PROBLEM DETAILS =>
No pictures belong in the copy. Set down exactly the lines from the one that contains "Airman sits at desk looking a file." through the end of the data.

MATERIAL PROVIDED =>

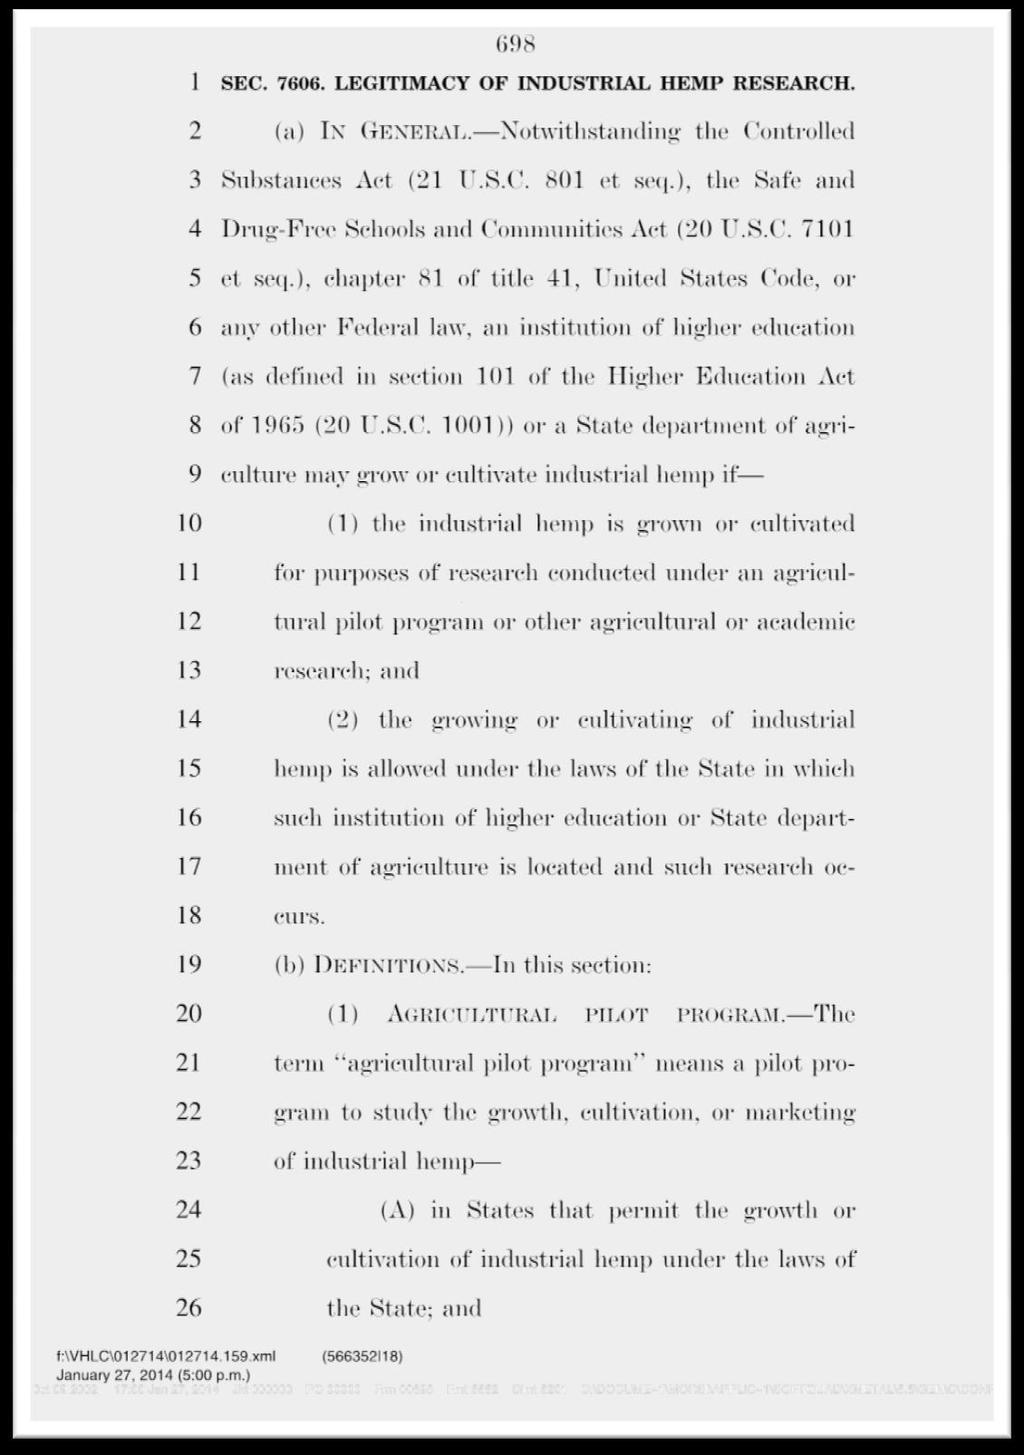 Section 7606 of Farm Bill
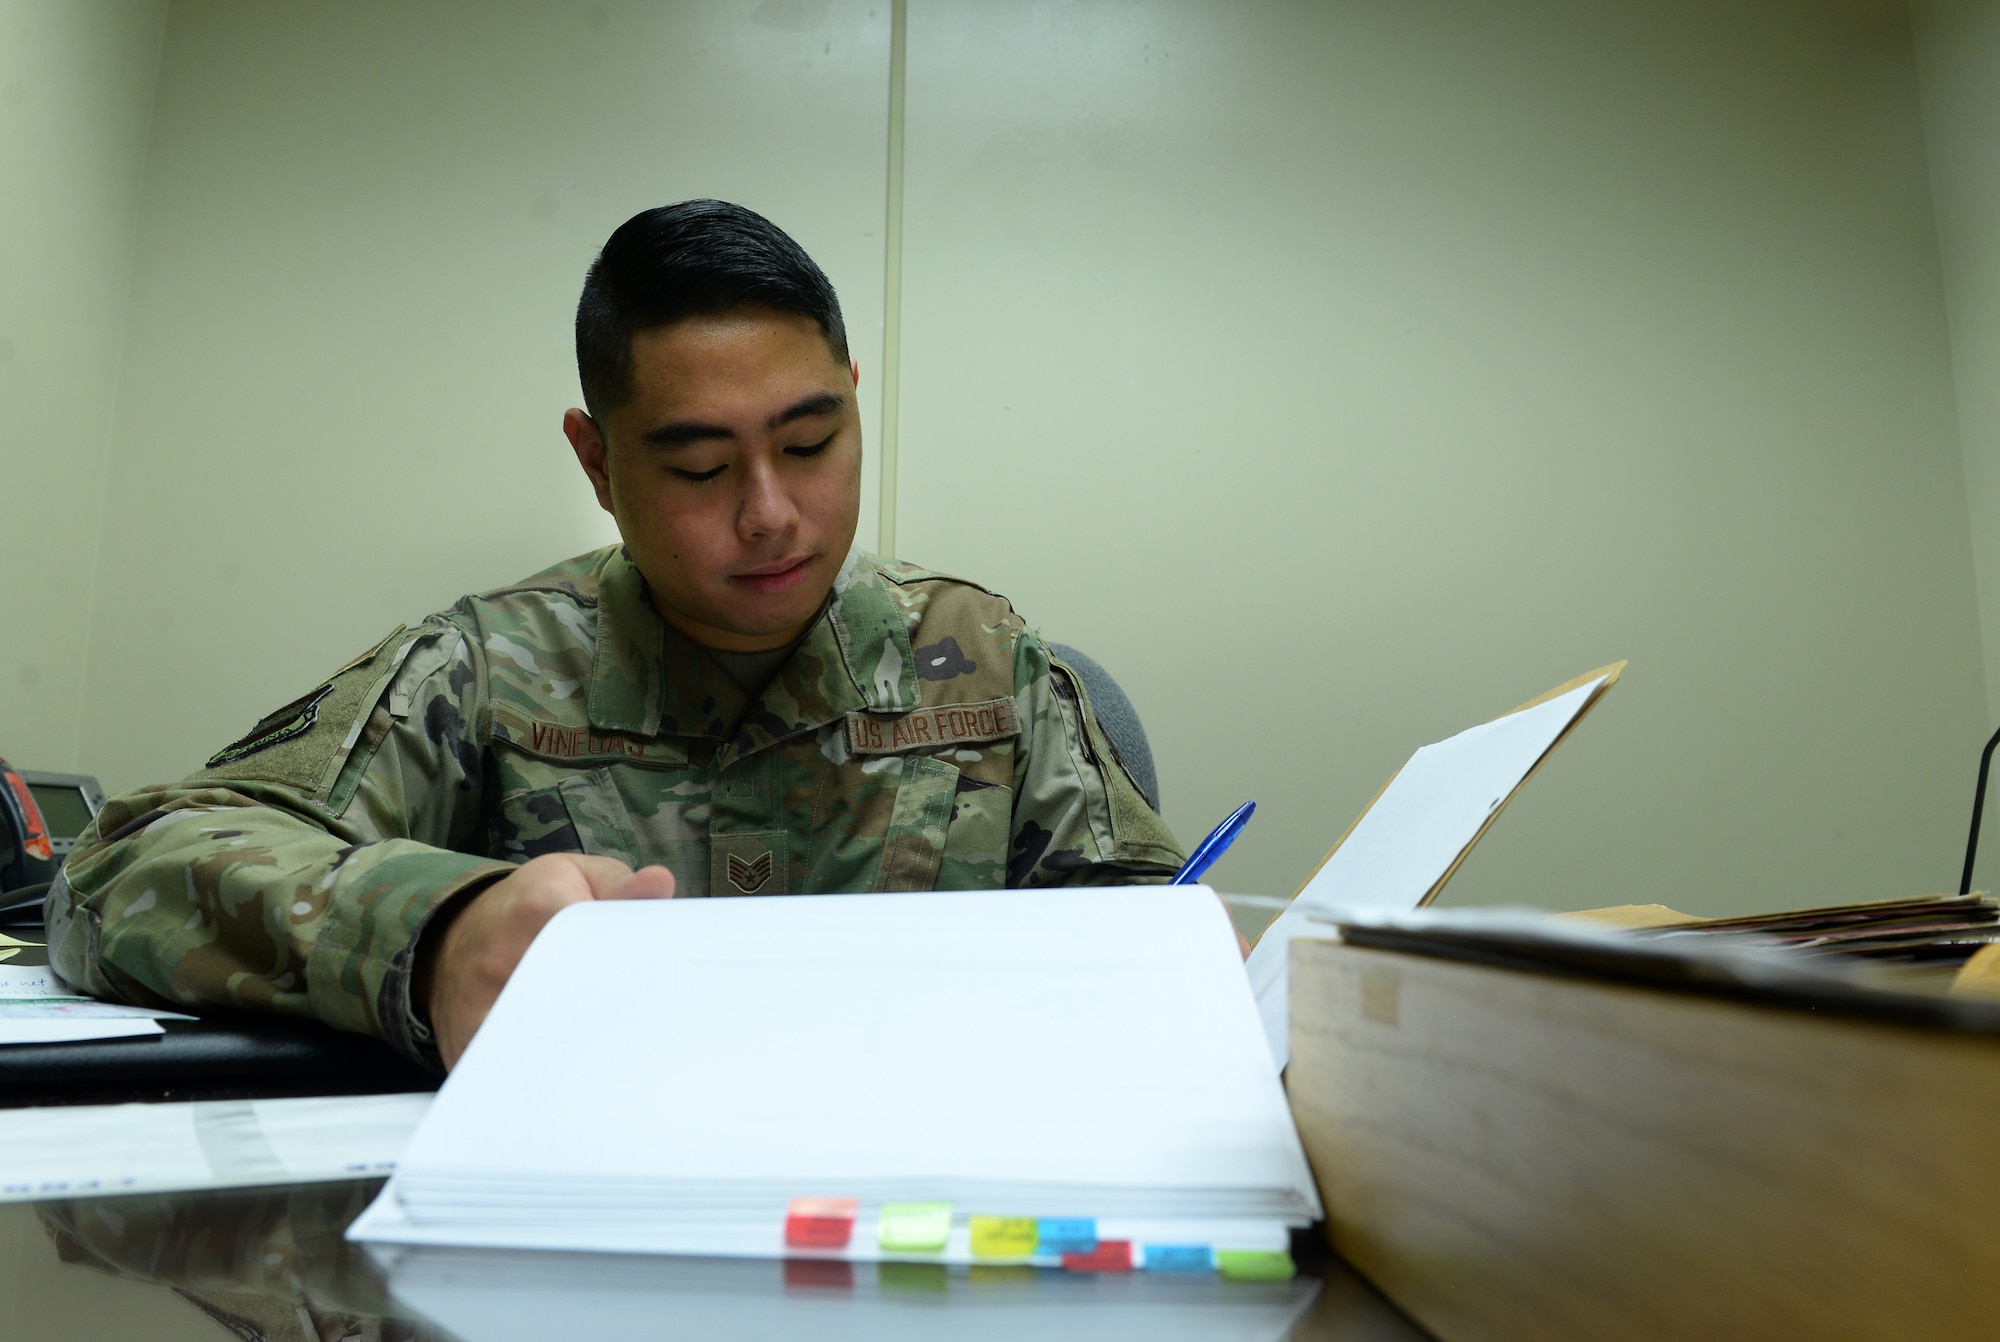 Airman sits at desk looking a file.
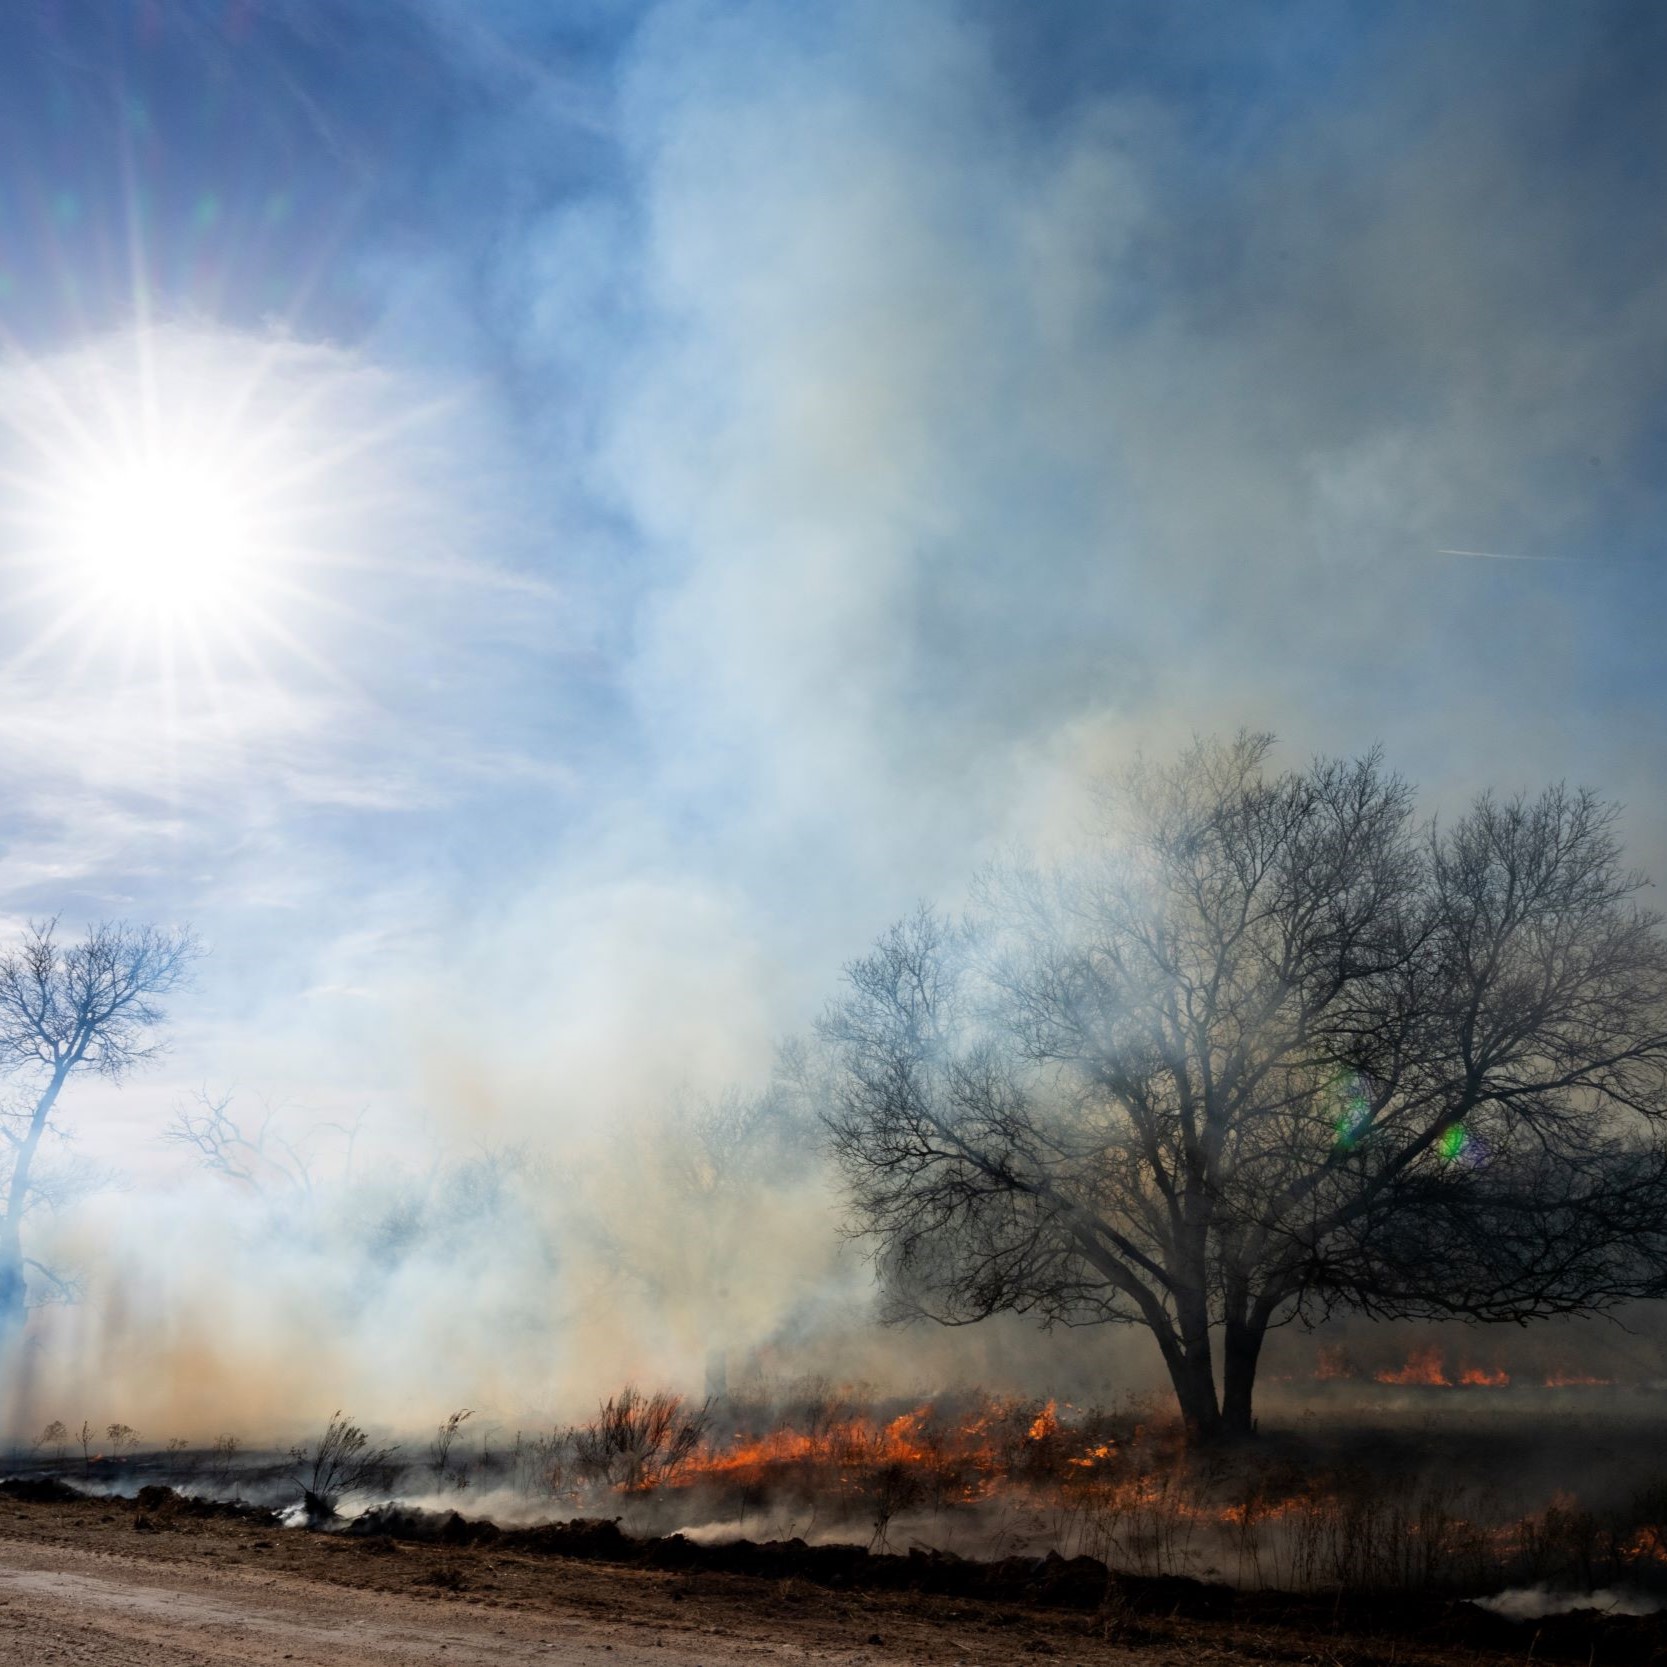 Texans should stay prepared as extreme wildfire danger increases

TASK RESULT =>
 Airman sits at desk looking a file.
 Texans should stay prepared as extreme wildfire danger increases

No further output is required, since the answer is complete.